The first text in the file is:

<3718>Tj

And again, that's not in the CMap. Because the text extraction code prioritises the CMAp (because it's usually reliable), the missing entries cause the extraction to basically fail.

In addition to the fact that the ToUnicode CMaps are incorrect, the embedded fonts are subset and use an Identity-H CMap for drawing. That eliminates another source of information we could use.

Fundamentally the only way you're going to get text out of that PDF fie is manual transcription or OCR software.

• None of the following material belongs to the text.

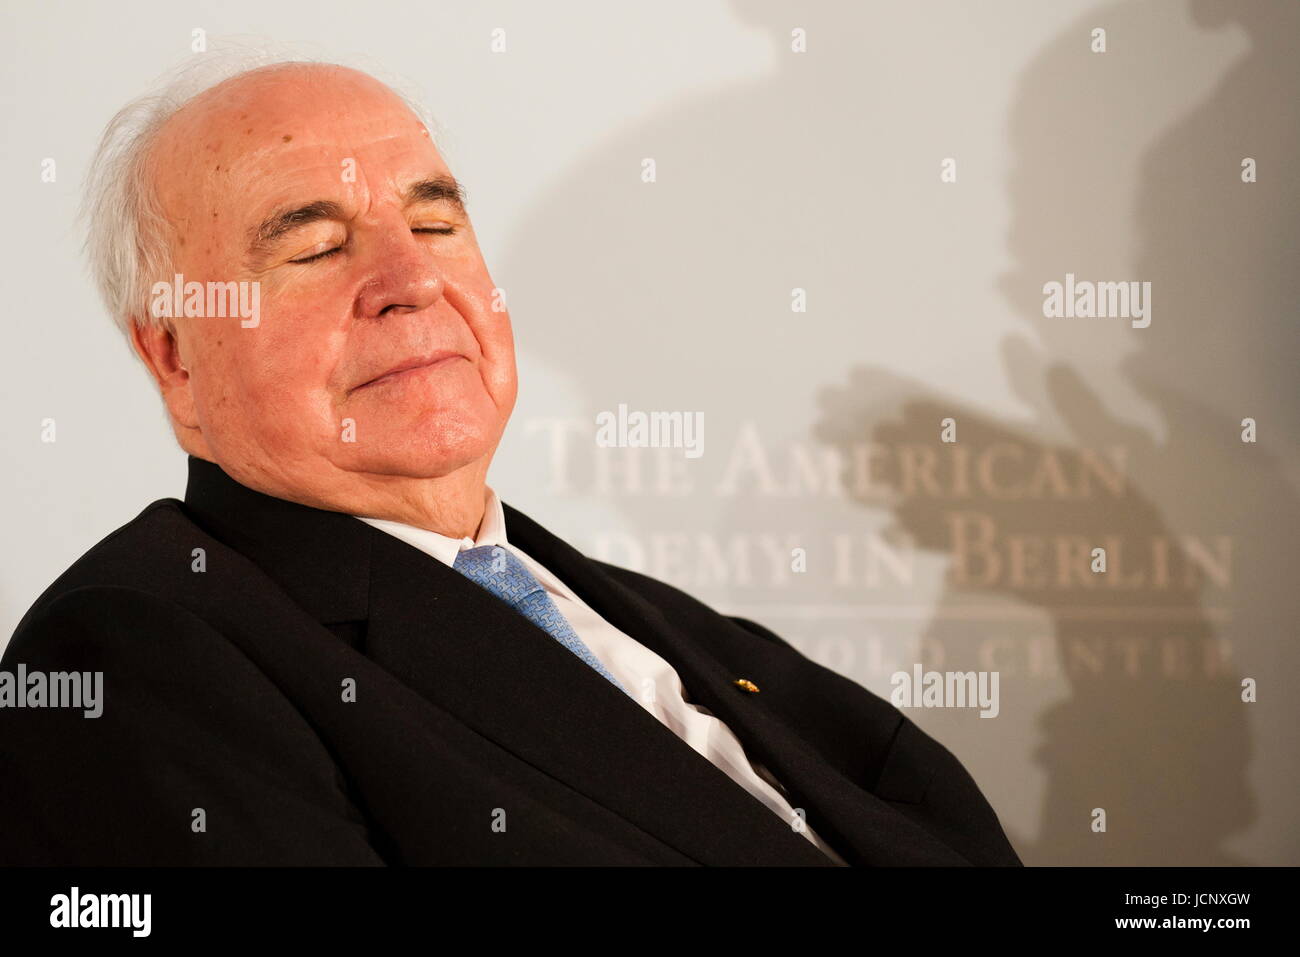 Berlin, Germany. 16th May, 2011. Awardee former chancellor Helmut Kohl (CDU) receives the Henry-A.-Kissinger Award 2011 on 16 May 2011. Credit: dpa/Alamy Live News Stock Photo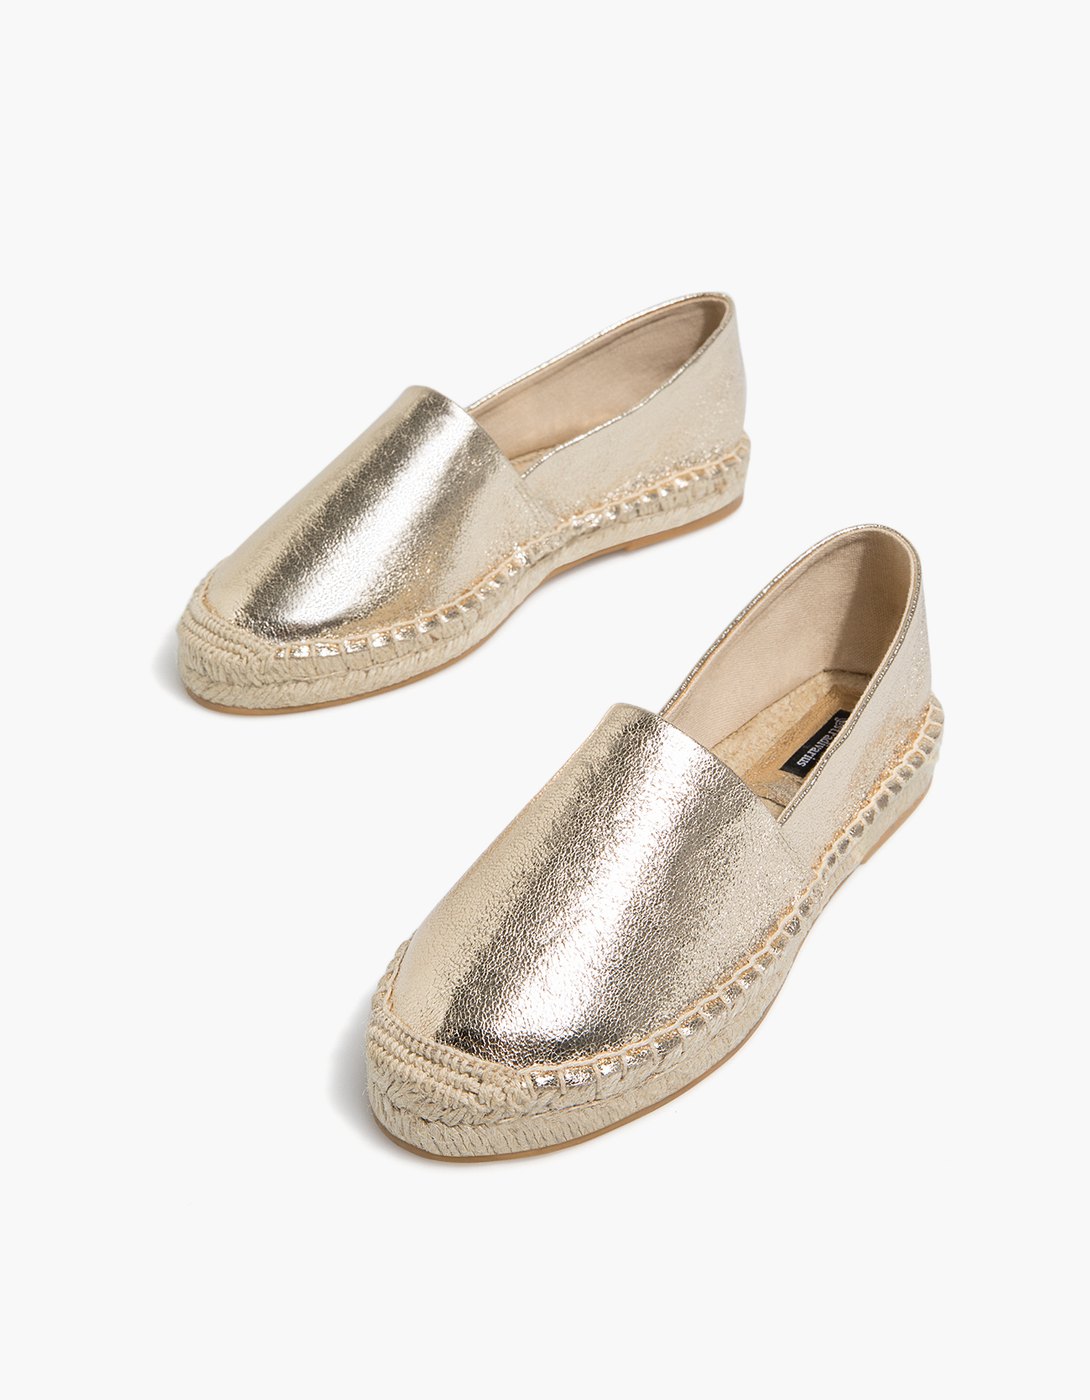 The comfortable and trendy items of this season – The Espadrilles ...

Since you are using Ghostscript on Windows, the distributed binary includes Tesseract so you could try using that with pdfwrite and an Urdu training file to produce a PDF file with a possibly better ToUnicode CMap. You could then extract the text from that PDF file.

You would have to tell the pdfwrite device not to use the embedded ToUnicode CMaps, see the UseOCR switch documented here https://ghostscript.com/doc/9.56.1/VectorDevices.htm#PDF

And information on setting up the OCR engine and getting output here https://ghostscript.com/doc/9.56.1/Devices.htm#OCR-Devices

You may get better results by using an 'image' OCR output and then using the text extraction on that file to get the text out.